The UNet model consists of fully convolutional network (FCN) layers arranged as contracting encoder and upsampling decoder maps. Nested arrangements of these encoder and decoder maps give rise to extensions of the UNet model, such as UNete and UNet++. Other refinements include constraining the outputs of the convolutional layers to discriminate between segment labels when trained end to end, a property called deep supervision. This reduces feature diversity in these nested UNet models despite their large parameter space. Furthermore, for texture segmentation, pixel correlations at multiple scales contribute to the classification task; hence, explicit deep supervision of shallower layers is likely to enhance performance. In this paper, we propose ADS UNet, a stage-wise additive training algorithm that incorporates resource-efficient deep supervision in shallower layers and takes performance-weighted combinations of the sub-UNets to create the segmentation model. We provide empirical evidence on three histopathology datasets to support the claim that the proposed ADS UNet reduces correlations between constituent features and improves performance while being more resource efficient. We demonstrate that ADS_UNet outperforms state-of-the-art Transformer-based models by 1.08 and 0.6 points on CRAG and BCSS datasets, and yet requires only 37% of GPU consumption and 34% of training time as that required by Transformers.
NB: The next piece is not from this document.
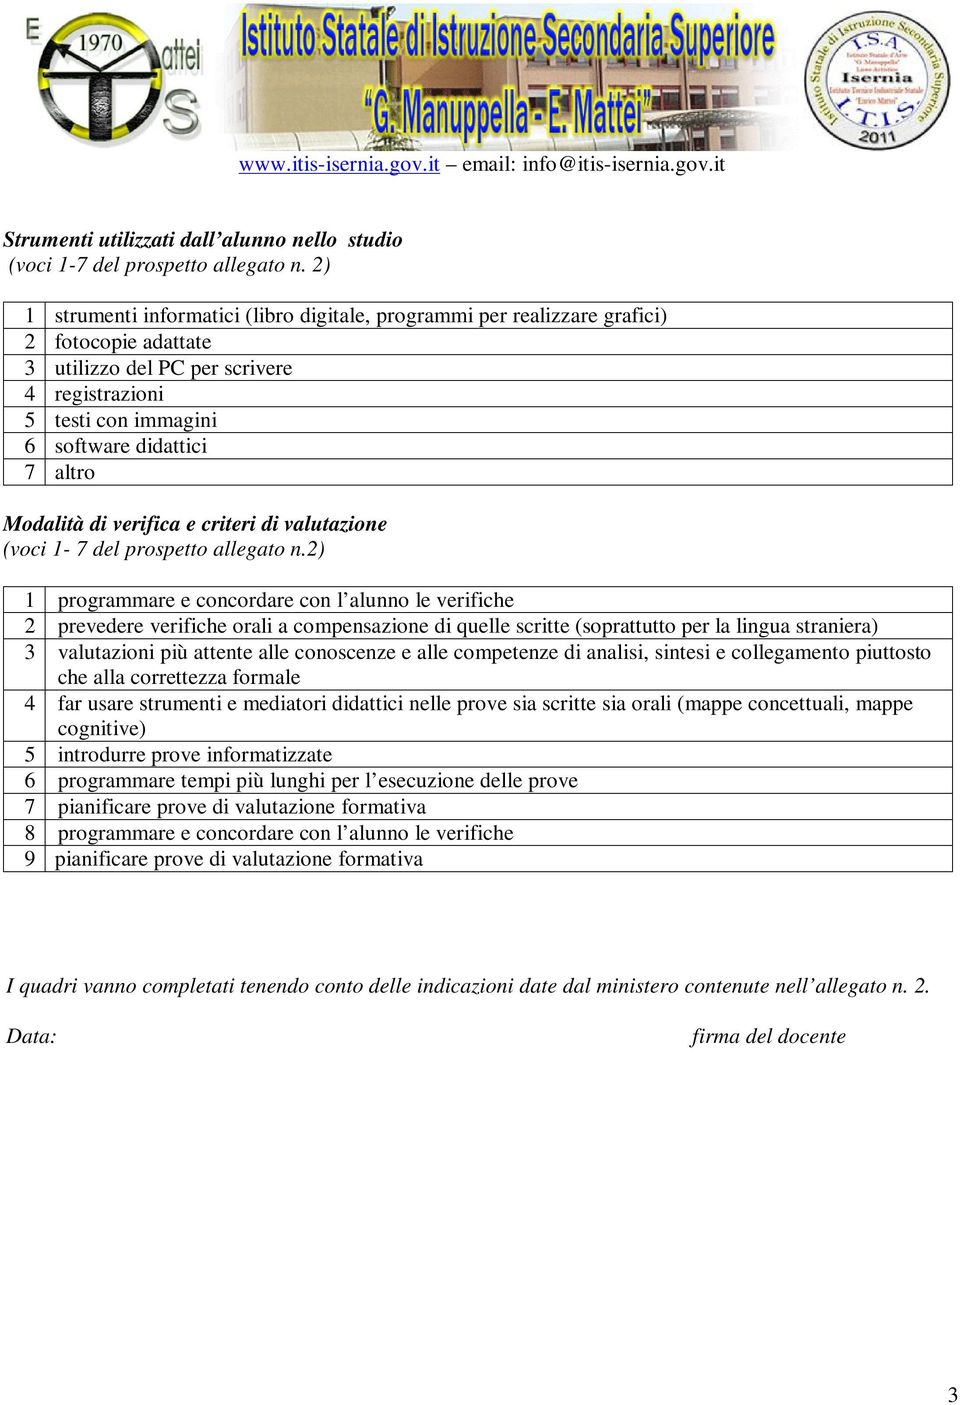 Modalità di verifica e criteri di valutazione (voci 1-7 del prospetto allegato n.

翻译:UNet模型由完全卷积网络(FCN)层排列组成,作为收缩编码器和上采样解码器映射。这些编码器和解码器映射的嵌套排列构成了UNete和UNet ++等UNet模型的扩展。其他改进包括限制卷积层的输出来在端到端训练时区分段落标签,这是称为深度监督的一种属性。尽管这些嵌套的UNet模型具有大的参数空间,但它们降低了这些特征的多样性。此外,对于纹理分割,多个尺度上的像素相关性有助于分类任务;因此,显式地对浅层进行深度监督可能会提高性能。
在本文中,我们提出了ADS_UNet,这是一种分阶段的加法训练算法,它结合了浅层资源高效的深度监督,并采用性能加权组合子UNet来创建分割模型。我们提供了三个组织病理学数据集的实证证据,支持所提出的ADS_UNet可以降低构成要素之间的相关性并提高性能,同时更加资源高效。我们证明,ADS_UNet在CRAG和BCSS数据集上比基于Transformer的最新模型表现更好1.08和0.6个点,却只需要37%的GPU消耗和34%的训练时间。